Some recent incidents suggest concern with the mounting global reach of Beijing’s tech-enabled authoritarianism is valid; but calls to monitor individuals solely based on their country of origin violate norms of due process and should raise alarms in a democracy. If there are articulable concerns about specific individuals because of their activities and affiliations, those should be pursued without regard to the individual’s country of origin. Disclosure requirements, information sharing, and export control enforcement all offer powerful means to protect against intellectual property theft and espionage without resorting to tactics that cast suspicion on potentially hundreds of thousands of students and scholars. Federal agencies need to clarify and specify their concerns, and ensure that their efforts do not trample on individual rights nor on the principle of free and open academic inquiry and exchange.
More than 340,000 Chinese students are reportedly studying in the United States, as of last year. If not conducted with care, this move risks hampering the future recruitment of talented foreign students and scholars to American shores. This move could also significantly impede the training of new scientists, as well as damage ongoing projects. The pursuit of scientific knowledge should be advanced under conditions of intellectual freedom without political or ideological restrictions.

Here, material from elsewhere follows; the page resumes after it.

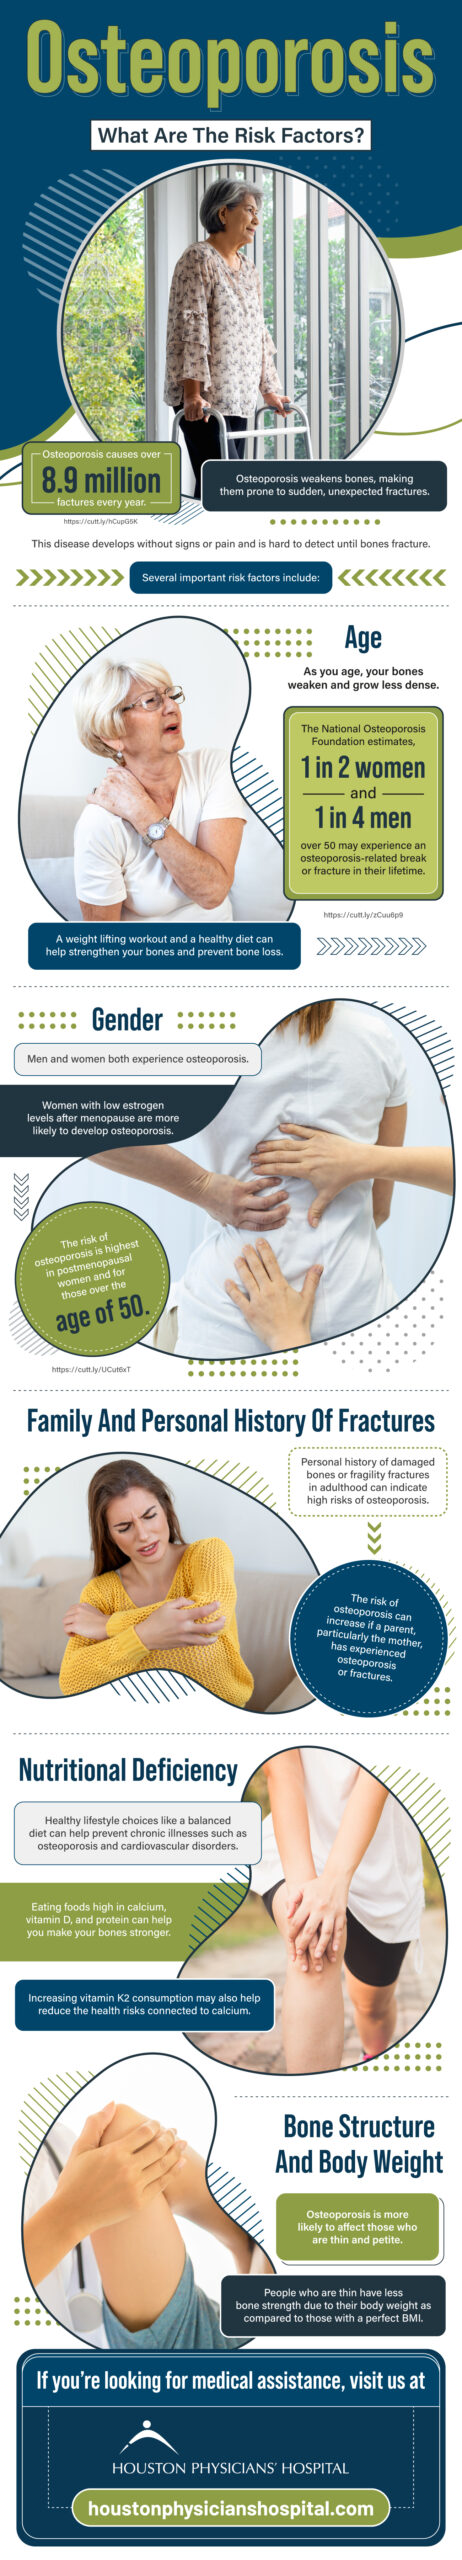 Osteoporosis causes over 8.9 million fractures every year.

Further, to the extent that China or other governments are utilizing international students and faculty in the United States as a means to carry out spying or to furtively funnel information back to officials at home, such activities infringe upon the academic freedom of those scholars as well as the institutions that host them and must stop. Unless researchers possess a formal and disclosed government affiliation, they must be permitted to pursue their work free from state interference or involvement. Failure to adhere to this principle violates the precepts of academic freedom and threatens global scholarly exchange.
China’s government is notorious for its aggressive use of surveillance. Efforts by the United States to fend off the global arm of autocracy must not mimic the very tactics it professes to reject. As concern on these matters grows, we advise universities to zealously safeguard their independence—to maintain their commitment to academic freedom, to uphold the principle of due process, and to respect the privacy rights of students and faculty, no matter their national origins.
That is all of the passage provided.